» **Source data**
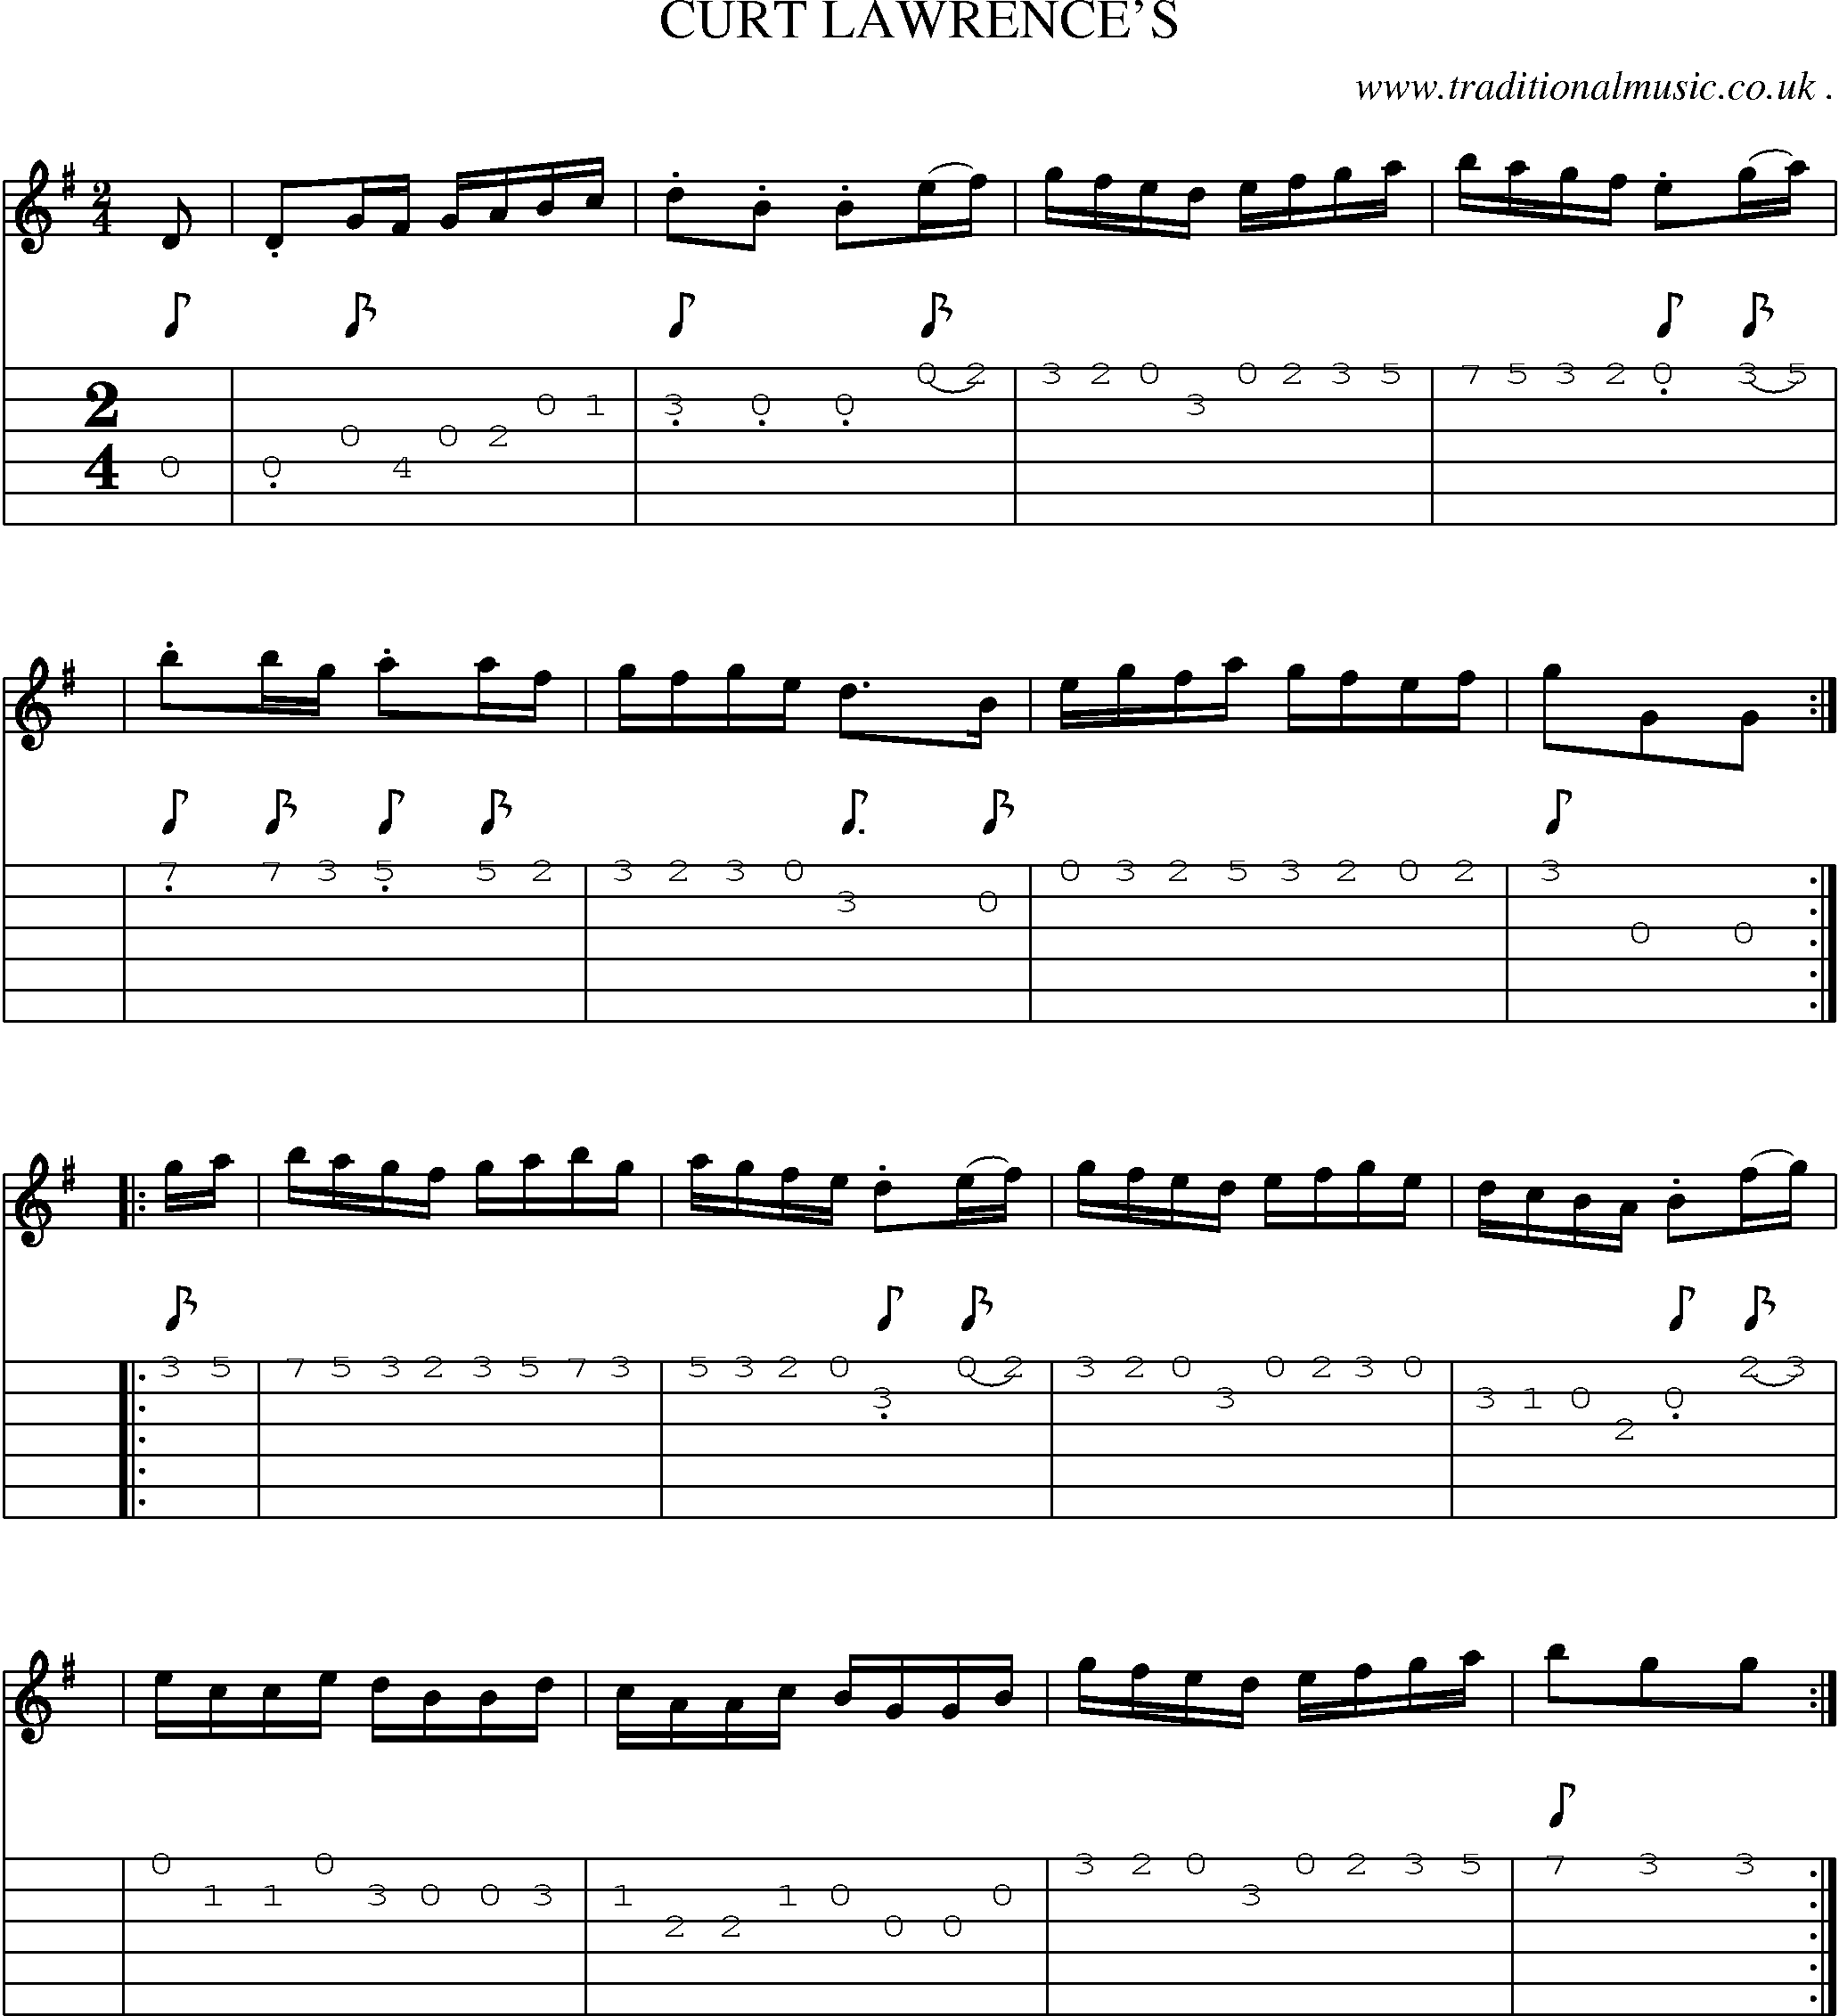 Sheet-Music and Guitar Tabs for Curt Lawrences
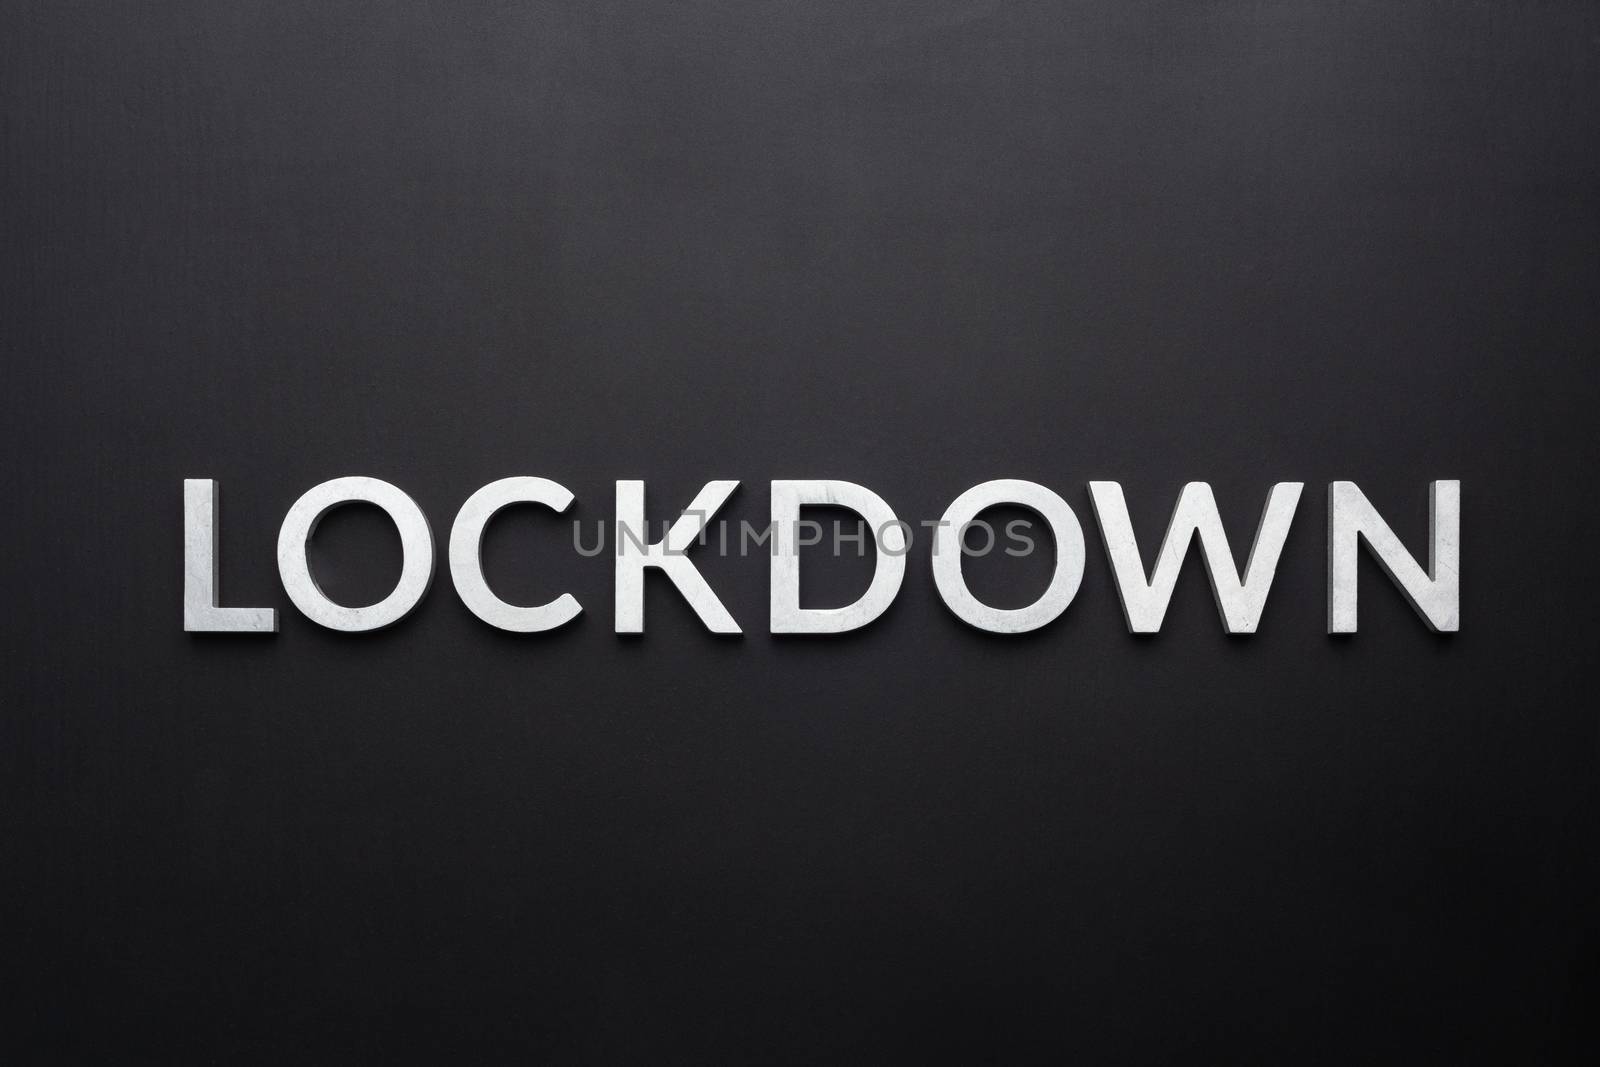 the word lockdown laid with silver metal letters on flat black background in directly above perspective.
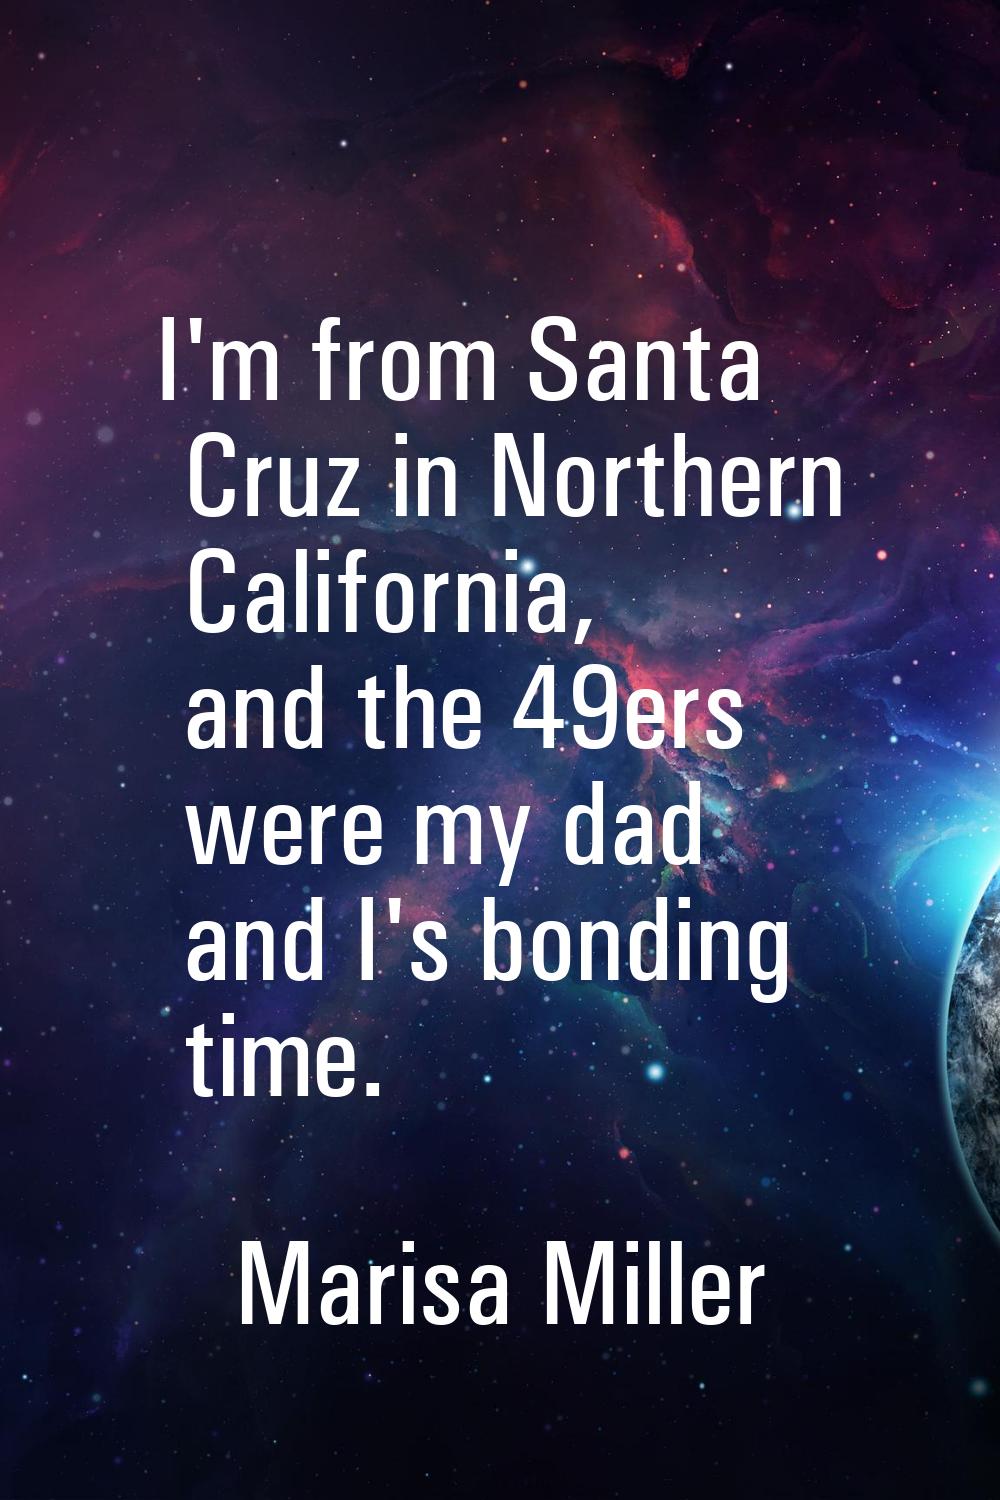 I'm from Santa Cruz in Northern California, and the 49ers were my dad and I's bonding time.

» **Exercise**
Every line from the one containing "the word lockdown" through the last line of the data is to be retyped exactly, with nothing added and no pictures included.

» **Answer to this task**
 the word lockdown laid with silver metal letters on flat black background in directly above perspective.
 I'm from Santa Cruz in Northern California, and the 49ers were my dad and I's bonding time.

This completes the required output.